Theory Pterm

section ‹Terms with explicit pattern matching›

theory Pterm
imports
  "../Utils/Compiler_Utils"
  Consts
  Sterm ― ‹Inclusion of this theory might seem a bit strange. Indeed, it is only for technical
    reasons: to allow for a ⬚‹quickcheck› setup.›
begin

datatype pterm =
  Pconst name |
  Pvar name |
  Pabs "(term × pterm) fset" |
  Papp pterm pterm (infixl ‹$⇩_p› 70)

primrec sterm_to_pterm :: "sterm ⇒ pterm" where
"sterm_to_pterm (Sconst name) = Pconst name" |
"sterm_to_pterm (Svar name) = Pvar name" |
"sterm_to_pterm (t $⇩_s u) = sterm_to_pterm t $⇩_p sterm_to_pterm u" |
"sterm_to_pterm (Sabs cs) = Pabs (fset_of_list (map (map_prod id sterm_to_pterm) cs))"

quickcheck_generator pterm
  ― ‹will print some fishy ``constructor'' names, but at least it works›
  constructors: sterm_to_pterm

lemma sterm_to_pterm_total:
  obtains t' where "t = sterm_to_pterm t'"
proof (induction t arbitrary: thesis)
  case (Pconst x)
  then show ?case
    by (metis sterm_to_pterm.simps)
next
  case (Pvar x)
  then show ?case
    by (metis sterm_to_pterm.simps)
next
  case (Pabs cs)
  from Pabs.IH obtain cs' where "cs = fset_of_list (map (map_prod id sterm_to_pterm) cs')"
    apply atomize_elim
    proof (induction cs)
      case empty
      show ?case
        apply (rule exI[where x = "[]"])
        by simp
    next
      case (insert c cs)
      obtain pat rhs where "c = (pat, rhs)" by (cases c) auto

      have "∃cs'. cs = fset_of_list (map (map_prod id sterm_to_pterm) cs')"
        apply (rule insert)
        using insert.prems unfolding finsert.rep_eq
        by blast
      then obtain cs' where "cs = fset_of_list (map (map_prod id sterm_to_pterm) cs')"
        by blast

      obtain rhs' where "rhs = sterm_to_pterm rhs'"
        apply (rule insert.prems[of "(pat, rhs)" rhs])
        unfolding ‹c = _› by simp+

      show ?case
        apply (rule exI[where x = "(pat, rhs') # cs'"])
        unfolding ‹c = _› ‹cs = _› ‹rhs = _›
        by (simp add: id_def)
    qed
  hence "Pabs cs = sterm_to_pterm (Sabs cs')"
    by simp
  then show ?case
    using Pabs by metis
next
  case (Papp t1 t2)
  then obtain t1' t2' where "t1 = sterm_to_pterm t1'" "t2 = sterm_to_pterm t2'"
    by metis
  then have "t1 $⇩_p t2 = sterm_to_pterm (t1' $⇩_s t2')"
    by simp
  with Papp show ?case
    by metis
qed

lemma pterm_induct[case_names Pconst Pvar Pabs Papp]:
  assumes "⋀x.
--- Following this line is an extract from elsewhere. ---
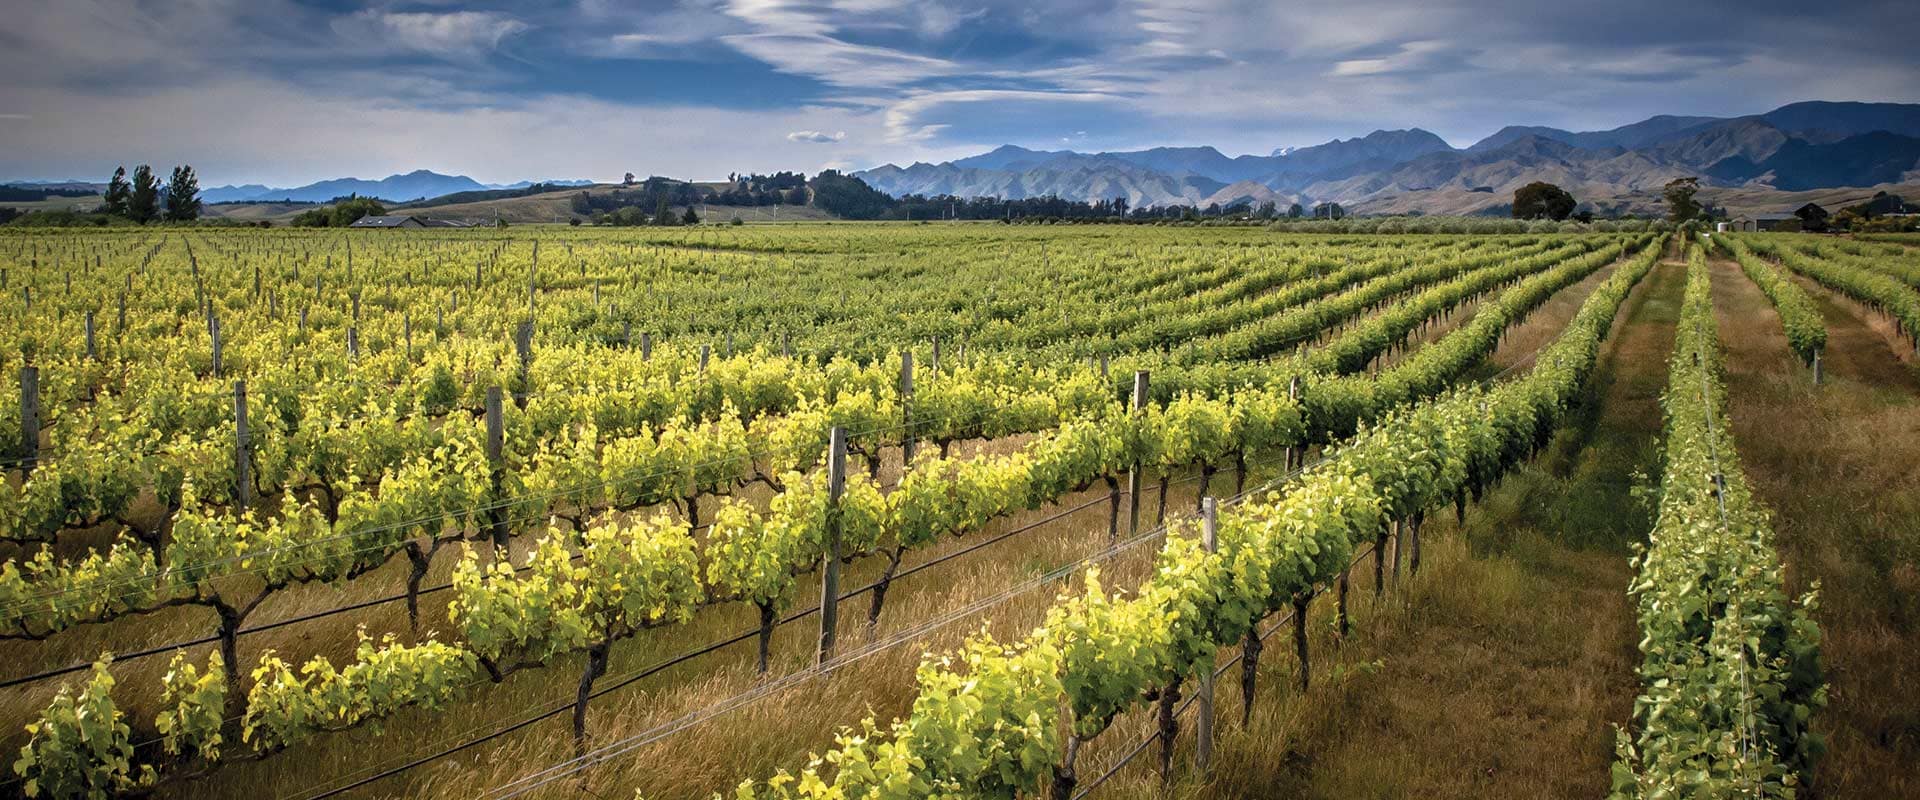 Explore premier food and wine growing regions.

P (Pconst x)"
  assumes "⋀x. P (Pvar x)"
  assumes "⋀cs. (⋀pat t. (pat, t) |∈| cs ⟹ P t) ⟹ P (Pabs cs)"
  assumes "⋀t u. P t ⟹ P u ⟹ P (t $⇩_p u)"
  shows "P t"
proof (rule pterm.induct, goal_cases)
  case (3 cs)
  show ?case
    apply (rule assms)
    using 3
    by auto
qed fact+

instantiation pterm :: pre_term begin

definition app_pterm where
"app_pterm t u = t $⇩_p u"

fun unapp_pterm where
"unapp_pterm (t $⇩_p u) = Some (t, u)" |
"unapp_pterm _ = None"

definition const_pterm where
"const_pterm = Pconst"

fun unconst_pterm where
"unconst_pterm (Pconst name) = Some name" |
"unconst_pterm _ = None"

definition free_pterm where
"free_pterm = Pvar"

fun unfree_pterm where
"unfree_pterm (Pvar name) = Some name" |
"unfree_pterm _ = None"

function (sequential) subst_pterm where
"subst_pterm (Pvar s) env = (case fmlookup env s of Some t ⇒ t | None ⇒ Pvar s)" |
"subst_pterm (t⇩₁ $⇩_p t⇩₂) env = subst_pterm t⇩₁ env $⇩_p subst_pterm t⇩₂ env" |
"subst_pterm (Pabs cs) env = Pabs ((λ(pat, rhs). (pat, subst_pterm rhs (fmdrop_fset (frees pat) env))) |`| cs)" |
"subst_pterm t _ = t"
by pat_completeness auto

termination
proof (relation "measure (size ∘ fst)", goal_cases)
  case 4
  then show ?case
    apply auto
    including fset.lifting apply transfer
    apply (rule le_imp_less_Suc)
    apply (rule sum_nat_le_single[where y = "(a, (b, size b))" for a b])
    by auto
qed auto

primrec consts_pterm :: "pterm ⇒ name fset" where
"consts_pterm (Pconst x) = {|x|}" |
"consts_pterm (t⇩₁ $⇩_p t⇩₂) = consts_pterm t⇩₁ |∪| consts_pterm t⇩₂" |
"consts_pterm (Pabs cs) = ffUnion (snd |`| map_prod id consts_pterm |`| cs)" |
"consts_pterm (Pvar _) = {||}"

primrec frees_pterm :: "pterm ⇒ name fset" where
"frees_pterm (Pvar x) = {|x|}" |
"frees_pterm (t⇩₁ $⇩_p t⇩₂) = frees_pterm t⇩₁ |∪| frees_pterm t⇩₂" |
"frees_pterm (Pabs cs) = ffUnion ((λ(pv, tv). tv - frees pv) |`| map_prod id frees_pterm |`| cs)" |
"frees_pterm (Pconst _) = {||}"

instance
by standard
   (auto
      simp: app_pterm_def const_pterm_def free_pterm_def
      elim: unapp_pterm.elims unconst_pterm.elims unfree_pterm.elims
      split: option.splits)

end

corollary subst_pabs_id:
  assumes "⋀pat rhs. (pat, rhs) |∈| cs ⟹ subst rhs (fmdrop_fset (frees pat) env) = rhs"
  shows "subst (Pabs cs) env = Pabs cs"
apply (subst subst_pterm.simps)
apply (rule arg_cong[where f = Pabs])
apply (rule fset_map_snd_id)
apply (rule assms)
apply assumption
done

corollary frees_pabs_alt_def:
  "frees (Pabs cs) = ffUnion ((λ(pat, rhs). frees rhs - frees pat) |`| cs)"
apply simp
apply (rule arg_cong[where f = ffUnion])
apply (rule fset.map_cong[OF refl])
by auto

lemma sterm_to_pterm_frees[simp]: "frees (sterm_to_pterm t) = frees t"
proof (induction t)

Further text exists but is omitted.